The non-rational mind: Jung’s verstehenphilosophie

This week, through wikipedia fact-finding and other ways, I have found out two things. Firstly, the modern British movement of Drudism as a religious form of practice, is an anachronism of poor historical merit. What it communicates more is some cultic form of sentimentality with an ancient Britain, than a commitment to an historic British set of rites. It is as far detached from historicity as Greco-Roman wrestling is to the Grecians and the Romans (my second thing). I found out that Greco-Roman wrestling is a late 19thC invention with rules which alluded to the ancient practice of wrestling, but its codification is hardly Grecian or Roman, but more Napoleonic. What does this tell us? I think it tells us that a sense of commitment can be more important than an actual commitment to historicity; a symbolic adequation with an ideal means more than its actual adequation with the object, as Aristotle conceptualised knowledge to be. We do not ‘know’ that Greco-Roman wrestling is actually in fact, Hellenic/Roman, nor do we know that Druidic rites and practices are actually from an era of English prehistory. But it doesn’t matter, a mythology is created all the same.

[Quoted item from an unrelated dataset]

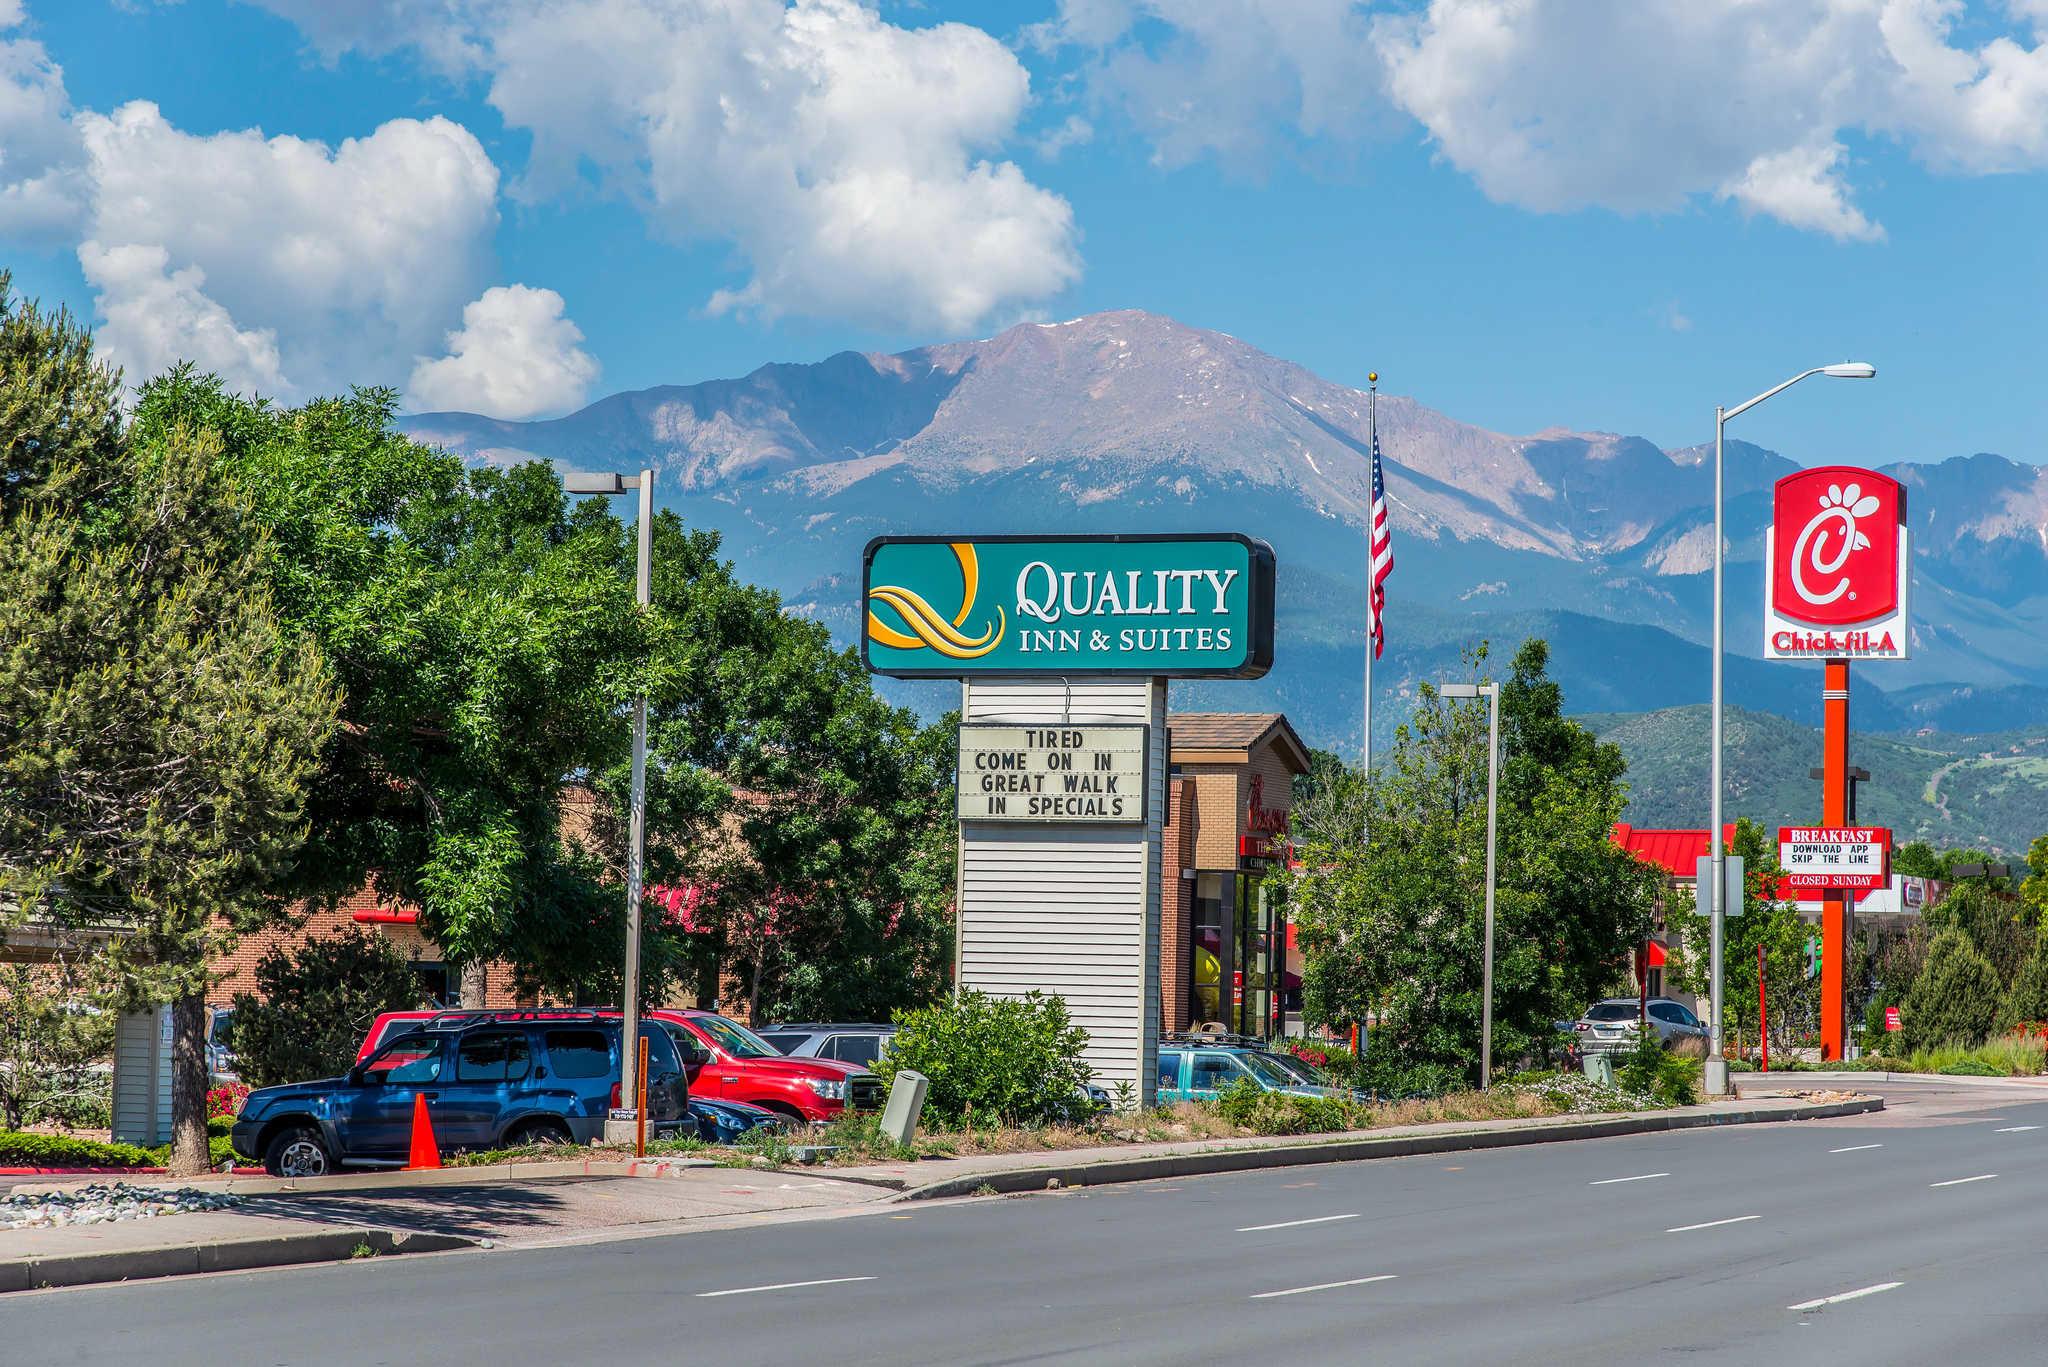 Quality Inn Suites Garden Of The Gods Colorado Springs Colorado Co

Lately I’ve been reading Jung’s ‘Man and his Symbols’, which I understand is only actually partially written by him, and ‘approved’ sections are written by his disciples. Jung walks through what we might call the fundamental irrationality or non-rationality of the human condition. The symbolic nature of dreams, the role of archetypes and embodied psyches within our mind.

For the past few years, I’ve kept a private log of experiences, memories and other things. One of the things I try to do is write my dreams down as soon as I wake up. I realise the importance of writing dreams immediately, as after a while the memory of them soon fades, also it makes less sense, not to say dreams make any kind of sense in the first place. Jung points out that at wake, our recollection of dreams are already a form of interpretation. I often find that I have to put some chronological narrative to make my dreams explainable, and sometimes I have to impose more details than I remember just to give a sense of license and comprehension about a dream. This is hermeneutics already in process.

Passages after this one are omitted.